I need a way to set an environment variable based on the type of OS 
installed.. ie: If the OS is 32bit only, then I need to set an 
environment variable %ProgramFilesx86%= "" (blank), if the envronment 
is 64bit, then I want something like %ProgramFilesX86"= the x86 path 
here... 

The reason for this is a coding language used in an application cannot 
handle the "(x86)" part of the default environment variables.. there 
is no way around it.. so the only way is to create a new environment 
variable 


Does anyone know of a way to do this via GPO.. or is there some other 
way that wouldnt involve a GPO? 

I tried this with a vbs file.. which worked fine in XP, but not in vista..

Here was my VBS code:

Set WshShell = CreateObject("WScript.Shell")

' makes environment settings permanent
Set WshSystemEnv = WshShell.Environment("SYSTEM")


' Set environment variable
WshSystemEnv("test") = "1234"

I got a permission denied on the last line.

I also tried using the schtasks.exe method of scheduling the vbs script at logon for Vista, as I do with the mapped drives situation, but this wasnt even working, gave me access denied errors just running the schtasks.exe command...


If I try this during the login script, it gets lost after the 
login.bat window closes... 


This needs to stay in "memory" while the OS is running, after the 
login script.. 


(I've seen some examples of doing environment variables via GPO ADM 
templates, but I'm not sure how to make it dynamic based on if the 
program files (x86) folder exists or not) 


Any help would be great. 


Thanks


----------



## Knuds (Feb 12, 2008)

UAC in Vista - therfor you vbs wil not function correctly.

User Account Control og Vista will runs vbs scripts without administrative privileges.

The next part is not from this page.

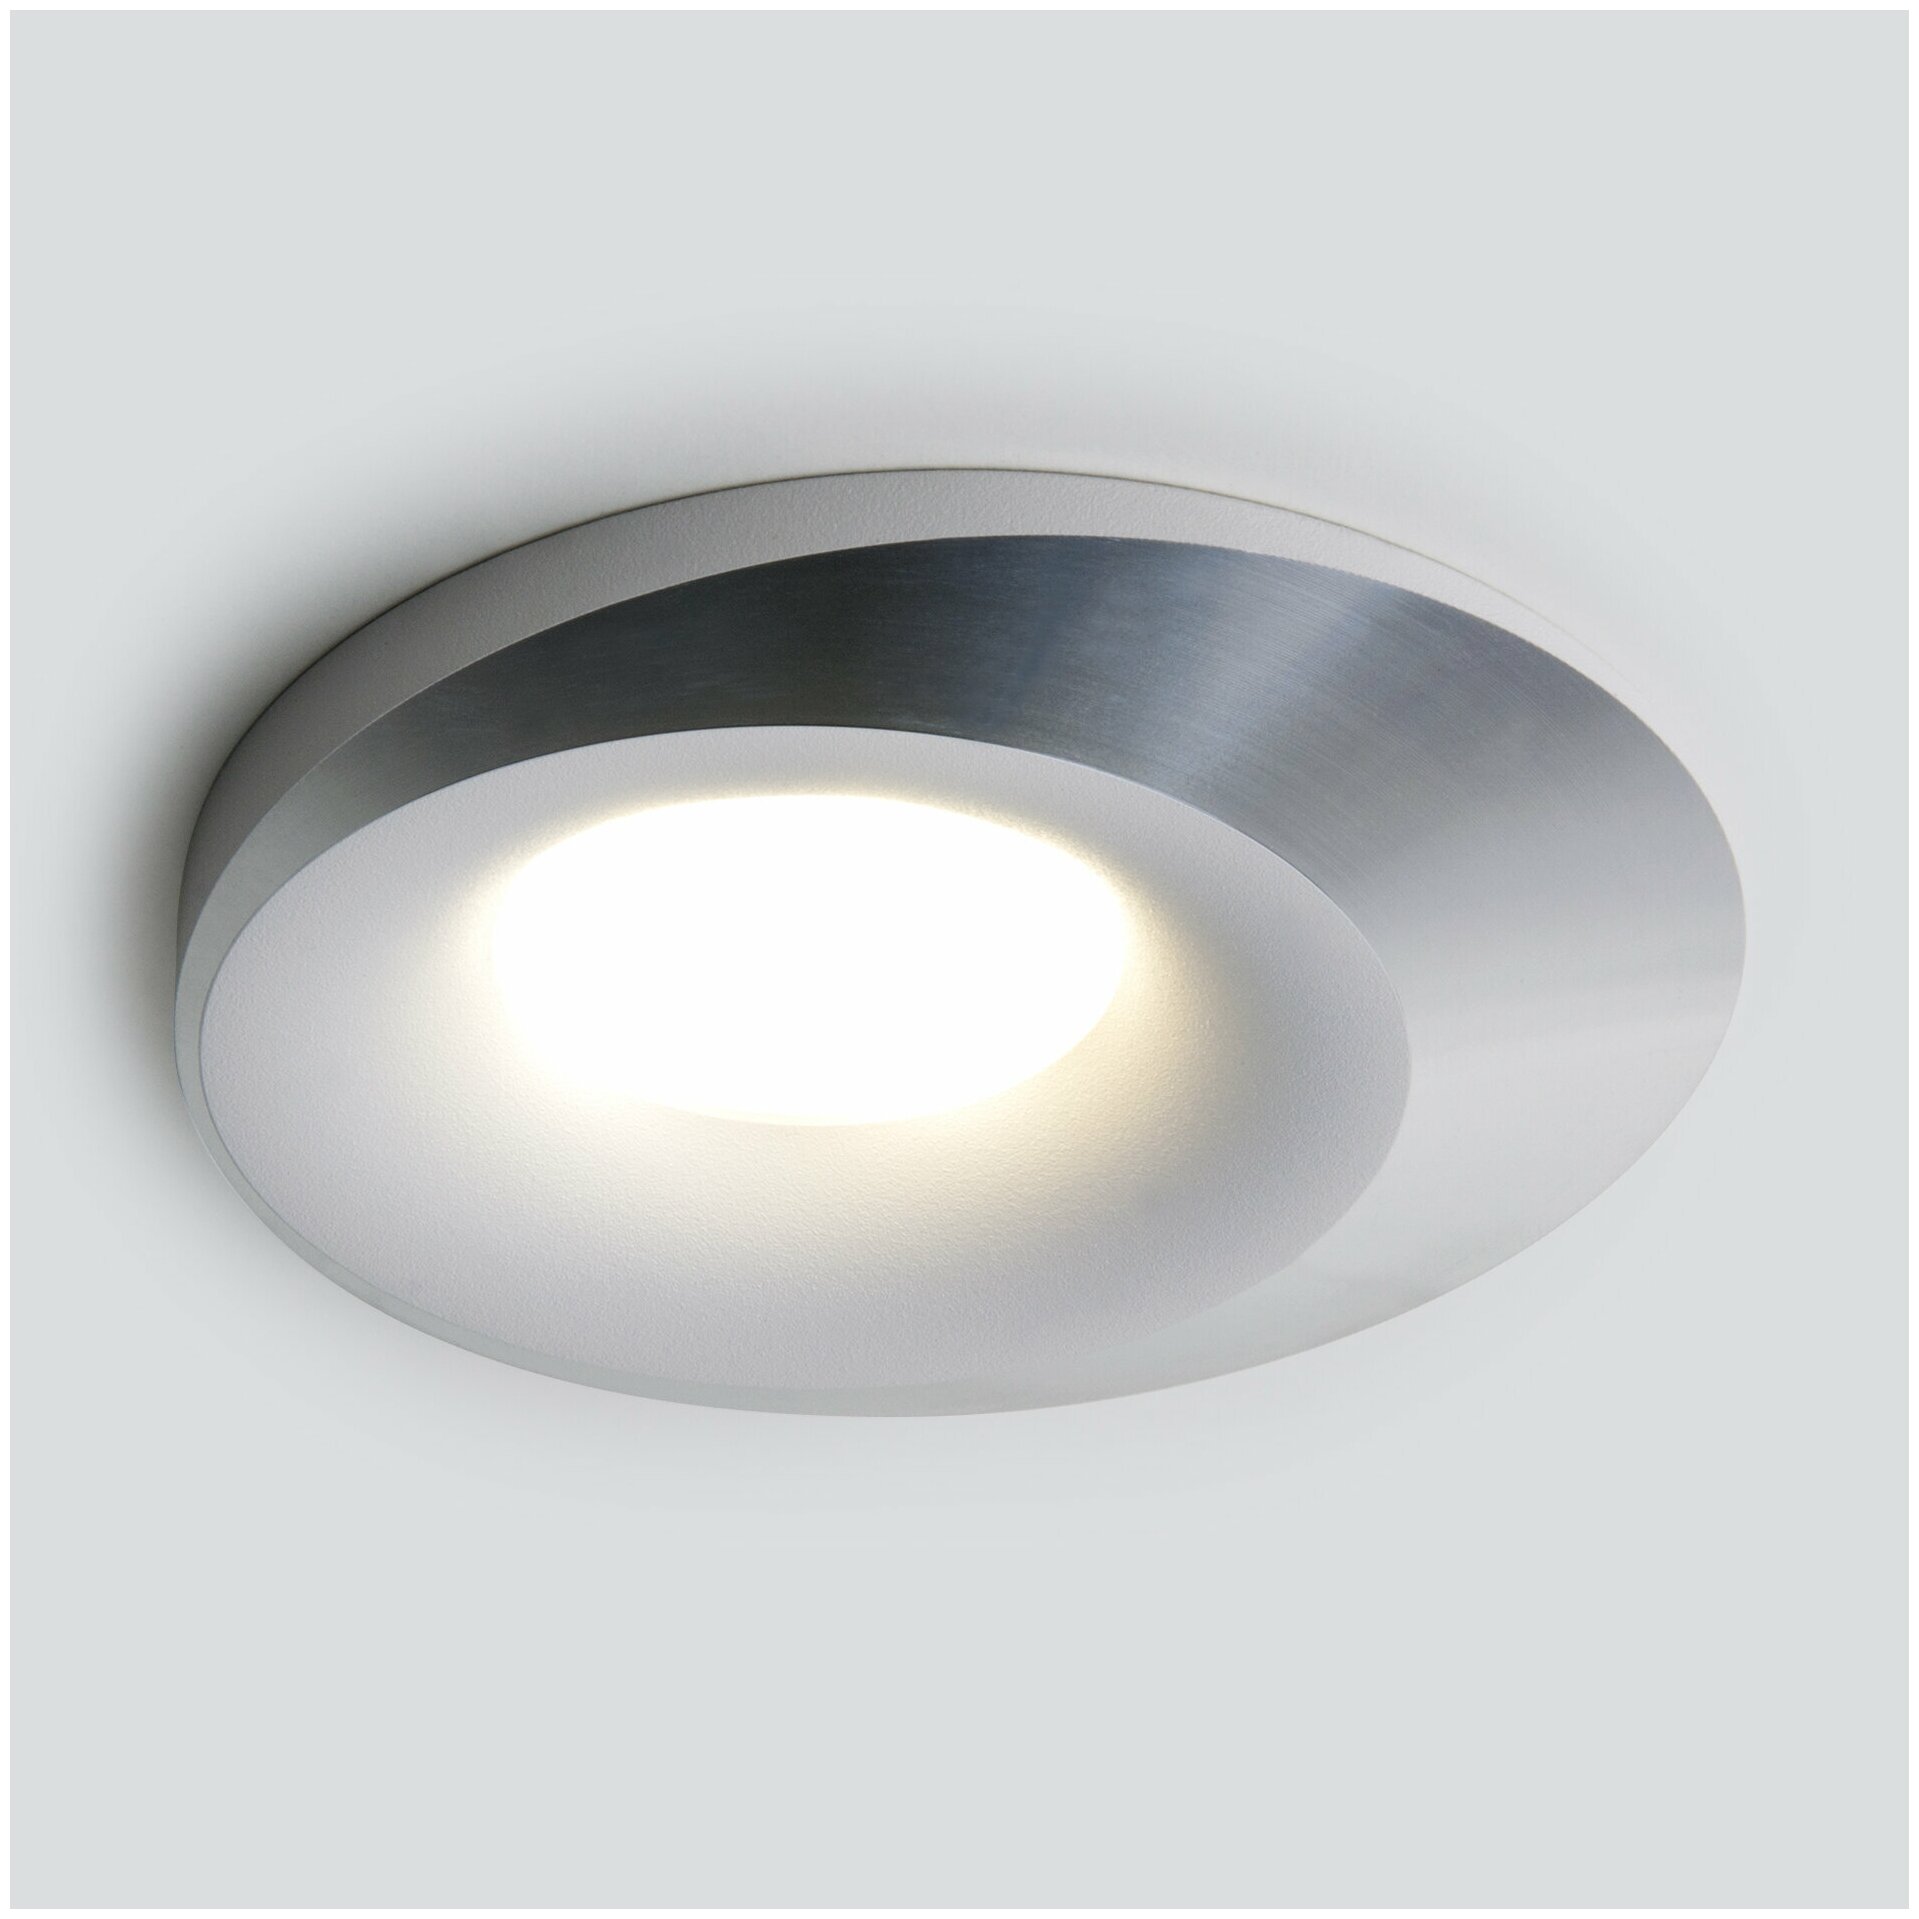 Встраиваемый точечный светильник с LED подсветкой Elektrostandard 124 MR16 белый/серебро

You can disable this Vista security with a vbs script or set it in GPO but only with a 2008 servier or a Vista maschine in the same domain.

Her you have the vbs script.

WshShell.RegWrite "HKLM\SOFTWARE\Microsoft\Windows\CurrentVersion\policies\system\EnableLUA","0","REG_DWORD"

You can also make this change directly in regedit and set this key EnableLUA to 0.

I hope this will help you.

Knud Schrøder
Systemadmin

;o)


----------